# Understanding P values

BMJ 2014; 349 doi: https://doi.org/10.1136/bmj.g4550 (Published 11 July 2014) Cite this as: BMJ 2014;349:g4550- Philip Sedgwick, reader in medical statistics and medical education

- p.sedgwick{at}sgul.ac.uk

Researchers investigated whether a low glycaemic index diet in pregnancy reduced the incidence of macrosomic (large for gestational age) infants in an at risk group. A randomised controlled trial study design was used. Participants were 800 women without diabetes, all in their second pregnancy, who had previously delivered an infant weighing more than 4000 g. The intervention consisted of a low glycaemic index diet from early pregnancy. The control treatment was no dietary intervention. The primary outcome was birth weight.1

Treatment groups were compared in mean birth weight using the independent samples *t* test. Hypothesis testing was two tailed, with a critical level of significance of 0.05 (5%). The mean birth weight in the intervention group was greater than in the control group, although the difference was not significant (4034 g (standard deviation 510) *v* 4006 (497); mean difference 28.6 g; 95% confidence interval −45.6 to 102.8; P=0.449). The researchers concluded that a low glycaemic index diet in pregnancy did not reduce the incidence of large for gestational age infants in a group at risk of fetal macrosomia.

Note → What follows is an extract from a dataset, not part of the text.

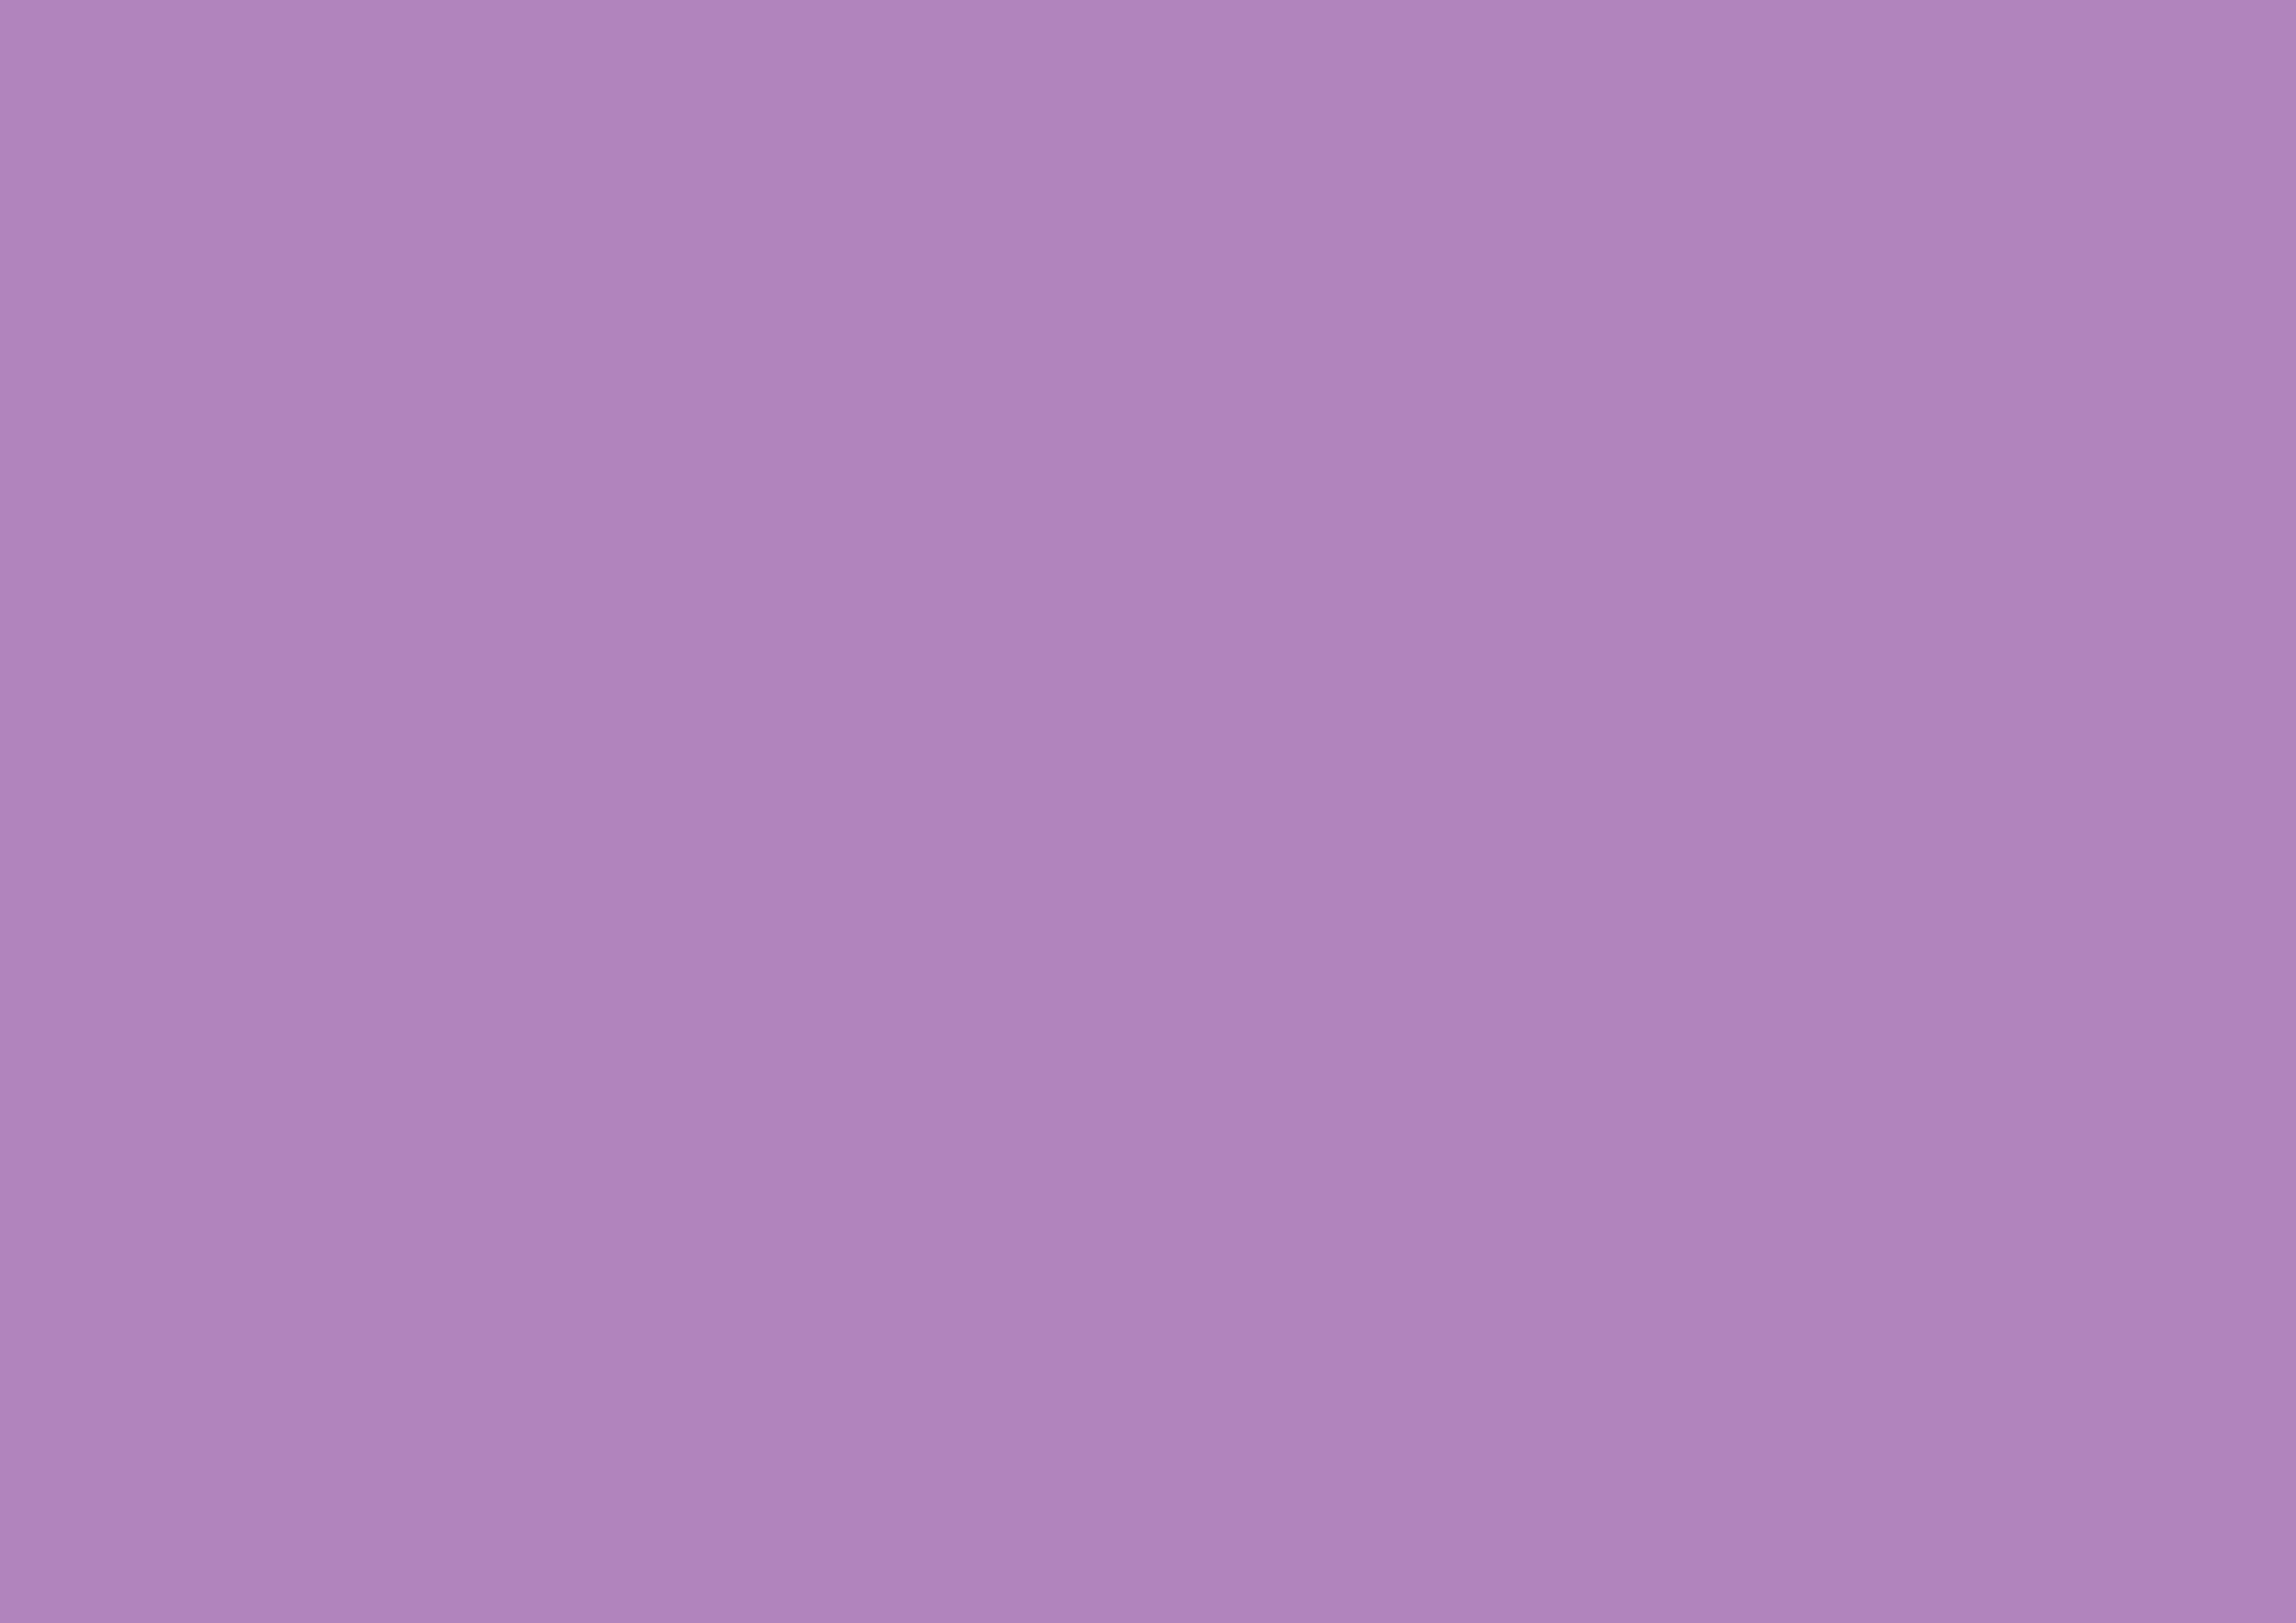 3508x2480 African Violet Solid Color Background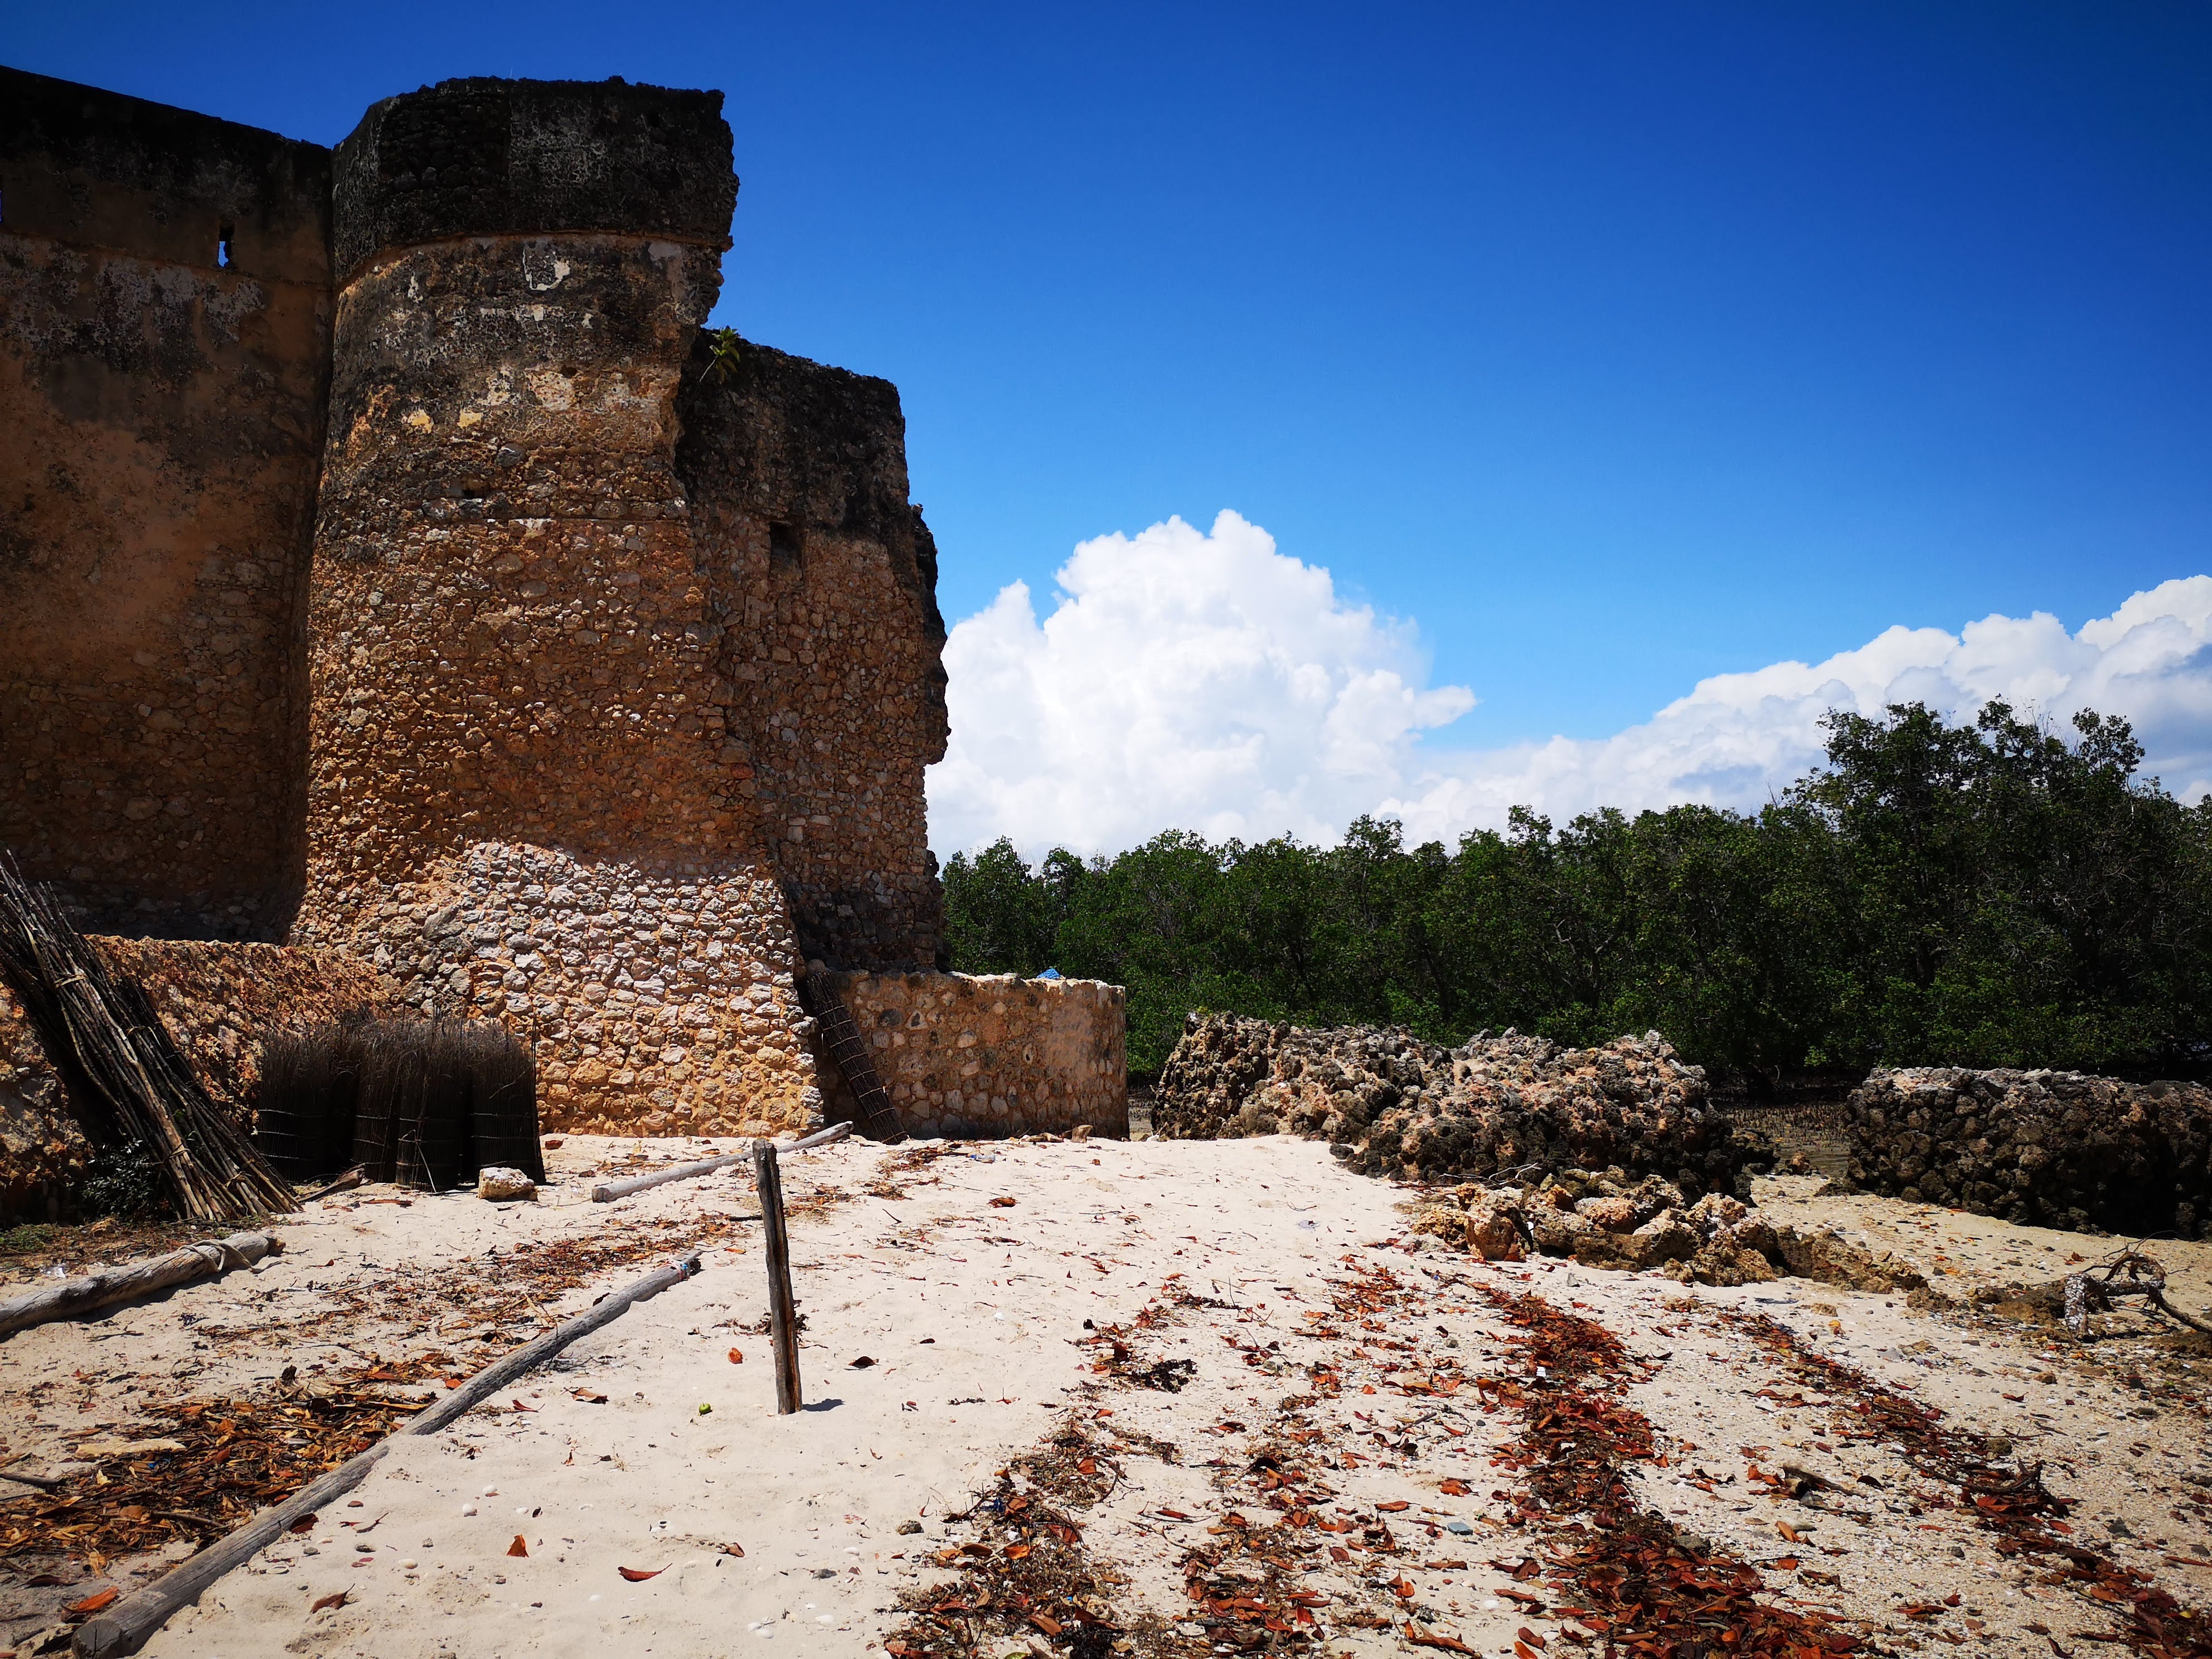 The images shows the ruins of Kilwa Kisiwani

Which of the following statements, if any, are true?

a) Statistical hypothesis testing based on a critical level of significance is a dichotomous test

b) The P value provides a direct statement about the direction of a difference between treatment groups in mean birth weight

c) The P value is the probability that the alternative hypothesis was true

## Answers

Statement *a* is true, whereas *b* and *c* are false.

The aim of the trial was to investigate the effects of a low glycaemic index diet in pregnancy. The treatment groups were compared in the primary outcome of birth weight using traditional statistical hypothesis testing, described in a previous question.2 The sample estimate of the population parameter of the difference between the intervention and control in mean birth weight was 28.6 g. The purpose of the hypothesis test was to establish whether the difference in mean birth weight seen in the trial also existed in the population.

Statistical hypothesis testing involves the statement of the null and alternative hypotheses. Traditional statistical hypothesis testing starts at the position of equipoise as specified by the null hypothesis. For the primary outcome in the trial above, the null hypothesis states that in the population of women at high risk of delivering a macrosomic infant from which the sample was obtained, no difference exists between the intervention and control treatments in mean birth weight. The alternative hypothesis states that a difference exists—that is, in the population sampled a difference exists between treatments in mean birth weight. No direction is specified—the alternative hypothesis is two sided—the mean birth weight for the low glycaemic index diet group could be greater or smaller than for the control group. The aim was to establish whether the sample data supported the null hypothesis or provided evidence of a difference between treatment groups as specified by the alternative hypothesis. A statistical hypothesis test involving a two sided alternative hypothesis is sometimes referred to as two tailed.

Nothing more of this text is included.